Pintou uma desconfiança quando a notícia de que Bruce Springsteen havia ensaiado Sociedade Alternativa na passagem de som do show em São Paulo começou a circular. Apesar de a escolha mostrar que Bruce estava ao menos bem assessorado, era inevitável pensar que seria mais um daquelas números padrões que artistas gringos fazem para agradar a platéia local.
E como Bruce costuma fazer isso por todo lugar que passa - no Chile cantou uma música de Victor Jara - não foi difícil imaginar que seria apenas uma gracinha a fazer no palco, como aqueles que costumam dedilhar algumas notas e cantar as frases iniciais de Garota de Ipanema enquanto fazem uma pausa rápida no próprio repertório.

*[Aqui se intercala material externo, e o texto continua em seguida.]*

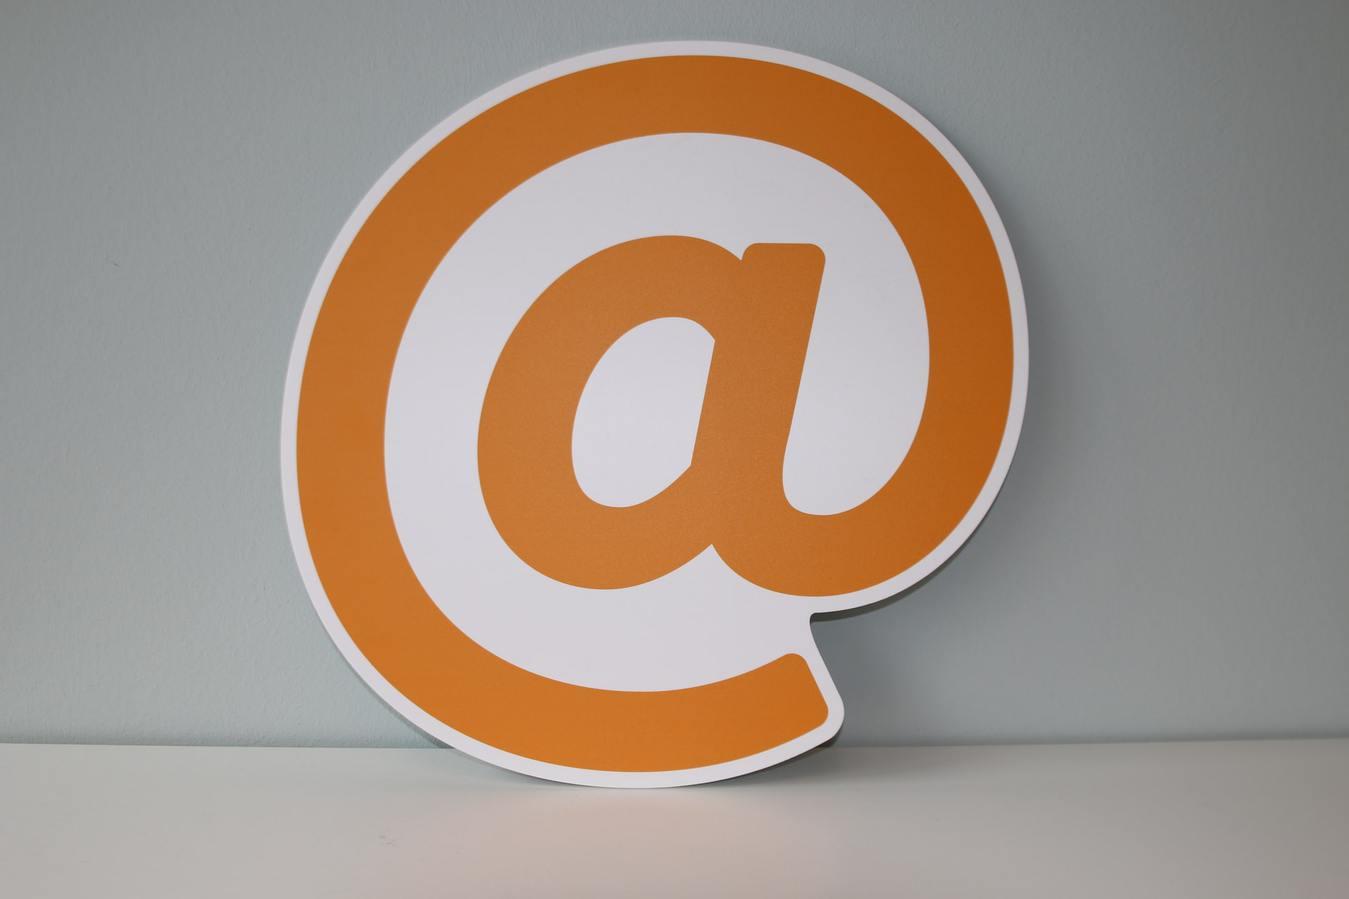 Simbolo arancione su uno sfondo grigio

A noite chegou e logo os primeiros relatos de quem estava no Espaço das Américas começavam a dar conta de uma performance memorável da música, com direito à letra inteira do hino escrito por Raul Seixas e Paulo Coelho em 1974. Não demorou e vídeos começavam a pipocar no YouTube.

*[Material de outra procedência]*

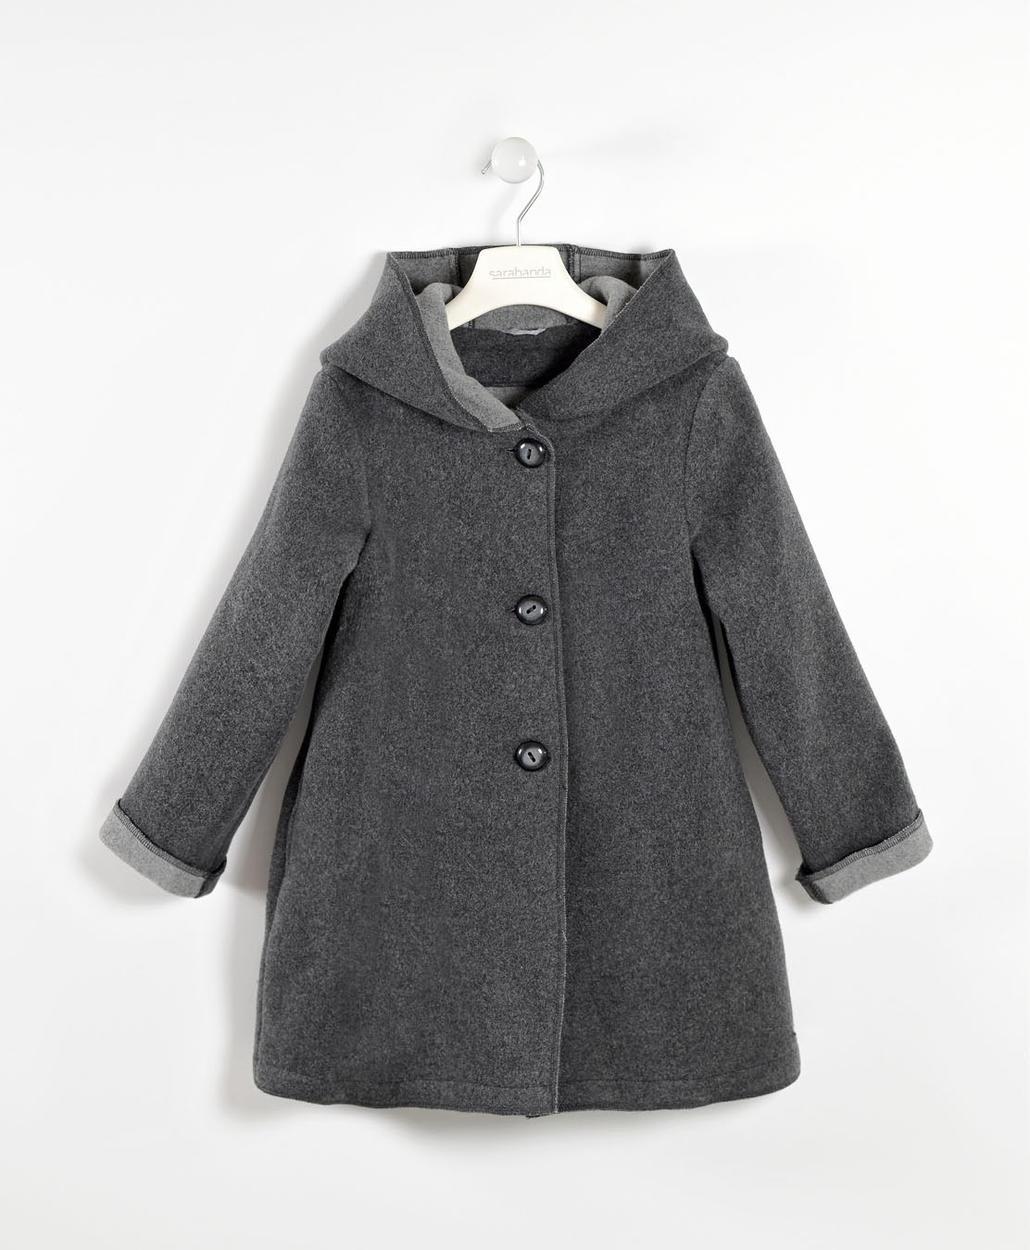 sports shoes 4c1a4 c1468 Morbido cappotto misto lana per bambina da 6 a 16 anni Sarabanda

Os segundos iniciais com um arranjo calcado na percussão e a frase “Essa é pro Brasil” ainda não seriam suficientes para desfazer a desconfiança e até davam margem para imaginar que viria uma versão abatucada do clássico libertário de Raul. Mas o pé atrás foi embora quando o naipe de metais e o coro entrou com força. Bruce Springsteen não só decorou a letra como parece ter incorporado o espírito dela, embora sua performance seja mais alegre e não tão raivosa e debochada como as de Raul.

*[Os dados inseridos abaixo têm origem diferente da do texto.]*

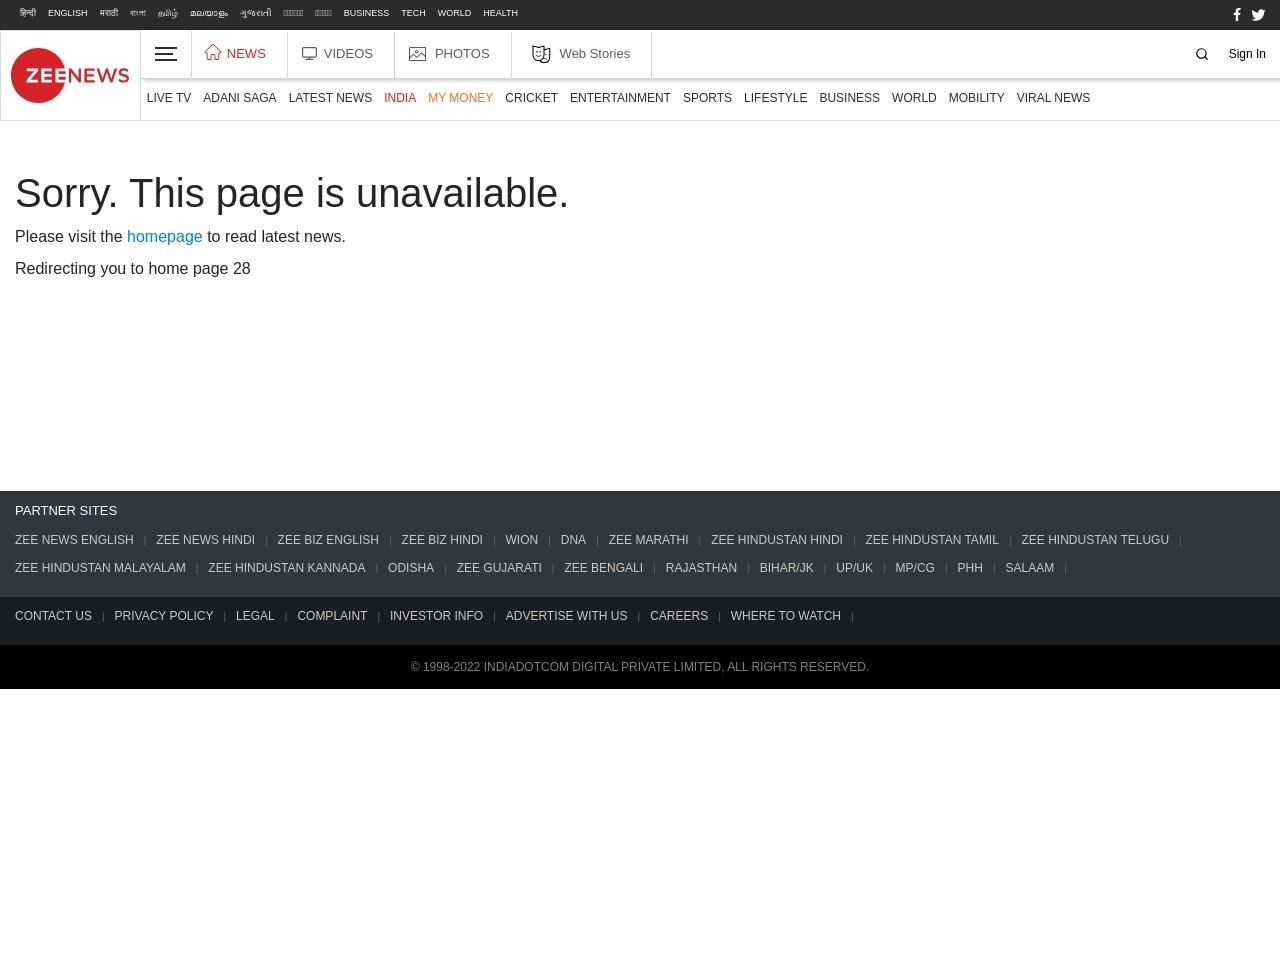 Rio Olympics 2016, Day 3: India's complete schedule; Abhinav Bindra, Gagan Narang in spotlight

O número de abertura do show de Springsteen ganhou ainda mais força no show do Rock In Rio com a amplitude da grande platéia ao ar livre e o agradecimento nominal a Raul Seixas no início e no fim da canção, o que não havia ocorrido em São Paulo.
Uma digna homenagem de um roqueiro nascido nos Estados Unidos para outro nascido na Bahia, mas que às vezes parecia born in the USA.